It is apparent that by the time this event occurred in Jacob’s life, he was confidently aware that the God of his fathers was providing, protecting, and preserving him and his family for the fulfillment of His promises. What was it about Jacob that caused him to just bite his tongue, and not overrule his sons’ conniving requests as the elder? Could it be that he was plagued with the same problem that many followers of God struggle with: the age-old battle between the Spirit and the flesh?
Our Common Human Condition
Lamentably, many of us have different flesh patterns which exercise their influences on choices we consider and decisions we make. Jacob’s life may be considered to be an “open book,” which we can all benefit and learn from, if we study and contemplate the things he did, said, and in this case did not say. Hopefully, if we are totally honest with ourselves, those wrestling with sinful behaviors will confess that they sometimes have about the same amount of success overcoming various flesh patterns as Jacob appears to have had.

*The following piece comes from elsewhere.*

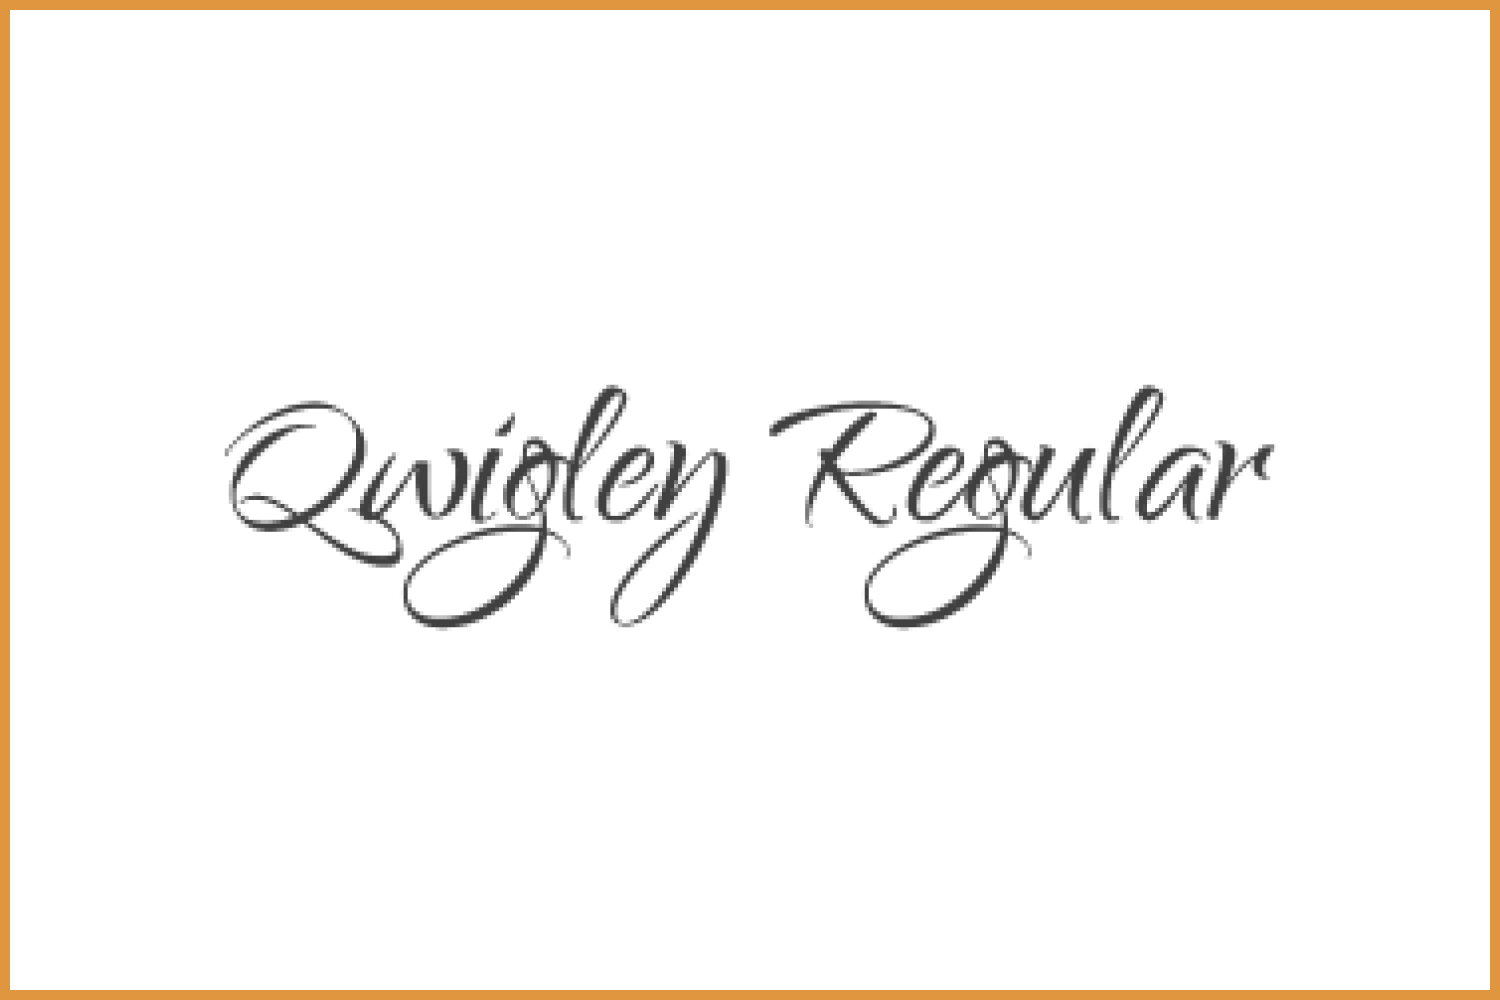 Black text Qwigley Regular on white background.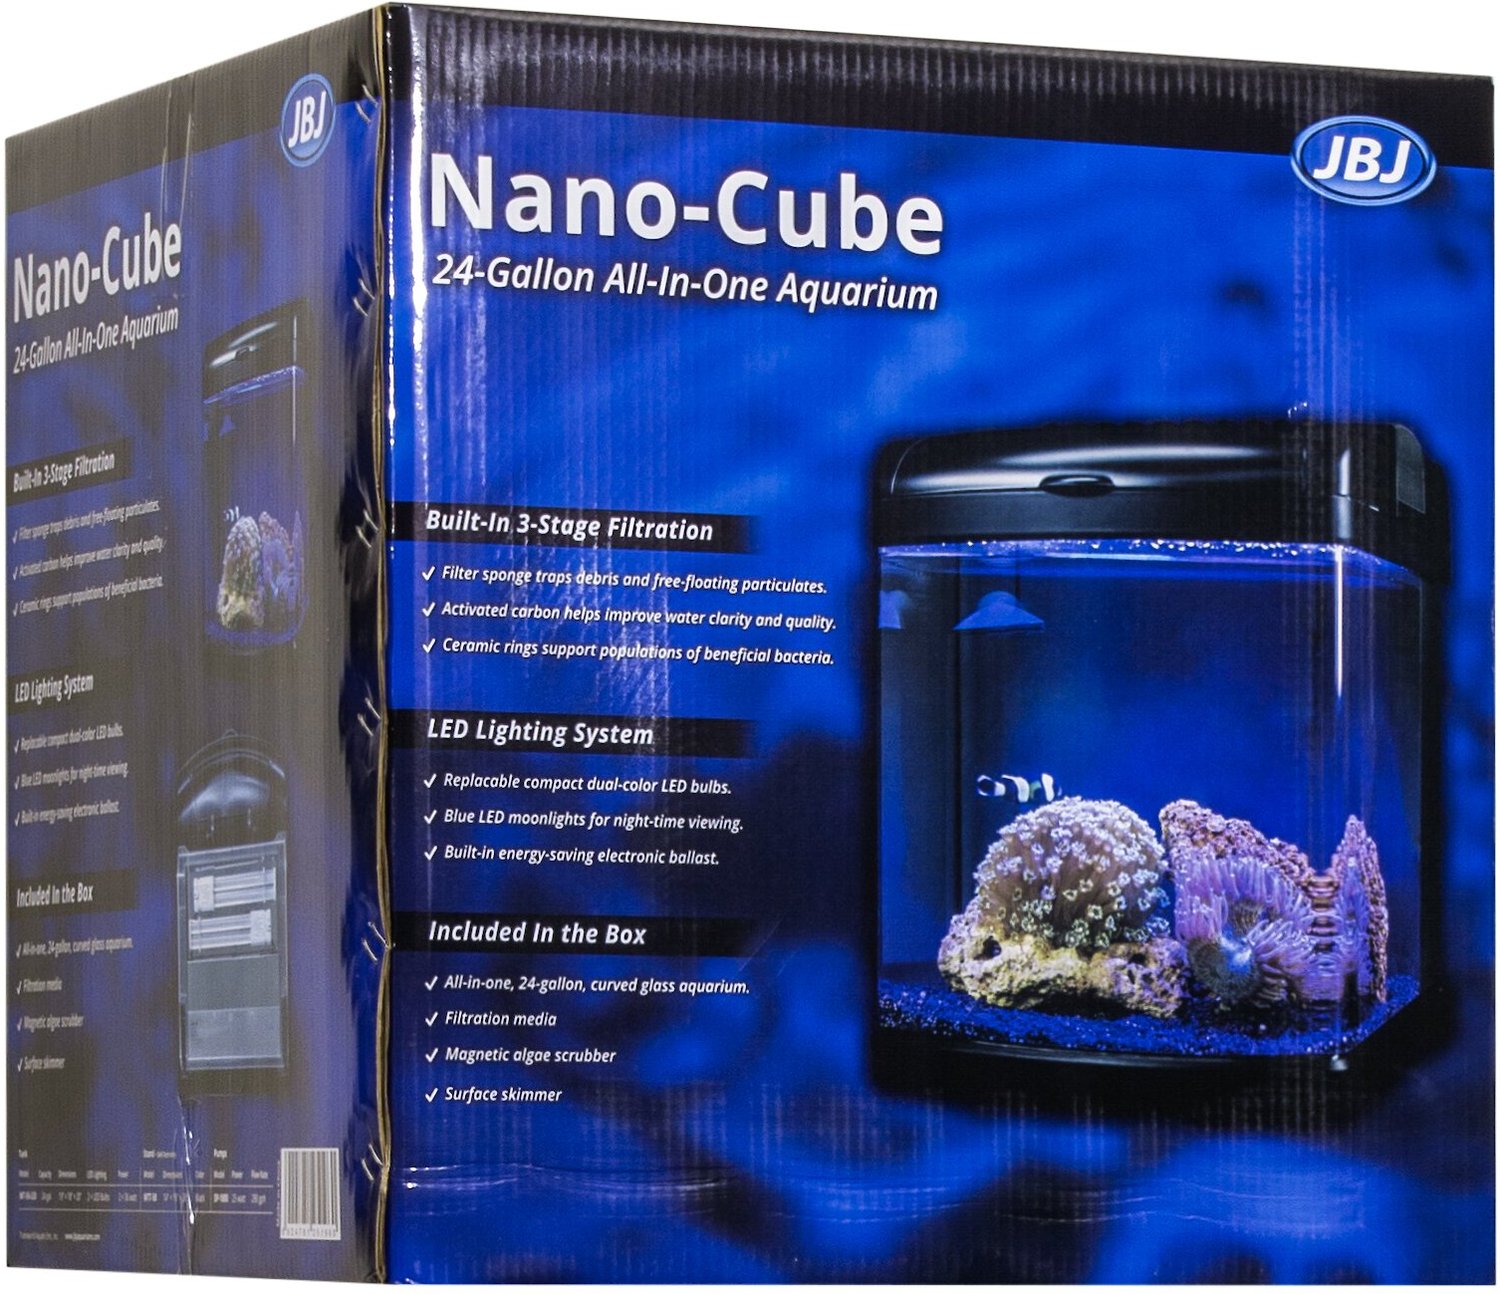 Vleien orkest Afwijking JBJ AQUARIUM Nano-Cube DX LED Curved Glass Fish Aquarium, 24-gal - Chewy.com

Regrettably, confessing our faults is easier said than acted upon, considering the record we see in the Scriptures of fallen humanity. Even with the benefits of progressive revelation, many who claim a belief in the Creator God—and even His Son Messiah Yeshua—still struggle with battles of the flesh, and in experiencing victory over them. In Romans ch. 7, the Apostle Paul describes a viewpoint with which too many people can relate:
“For we know that the Law is spiritual, but I am of flesh, sold into bondage to sin. For what I am doing, I do not understand; for I am not practicing what I would like to do, but I am doing the very thing I hate. But if I do the very thing I do not want to do, I agree with the Law, confessing that the Law is good. So now, no longer am I the one doing it, but sin which dwells in me. For I know that nothing good dwells in me, that is, in my flesh; for the willing is present in me, but the doing of the good is not. For the good that I want, I do not do, but I practice the very evil that I do not want. But if I am doing the very thing I do not want, I am no longer the one doing it, but sin which dwells in me. I find then the principle that evil is present in me, the one who wants to do good. For I joyfully concur with the law of God in the inner man, but I see a different law in the members of my body, waging war against the law of my mind and making me a prisoner of the law of sin which is in my members. Wretched man that I am! Who will set me free from the body of this death? Thanks be to God through Yeshua the Messiah our Lord! So then, on the one hand I myself with my mind am serving the law of God, but on the other, with my flesh the law of sin” (Romans 7:14-25).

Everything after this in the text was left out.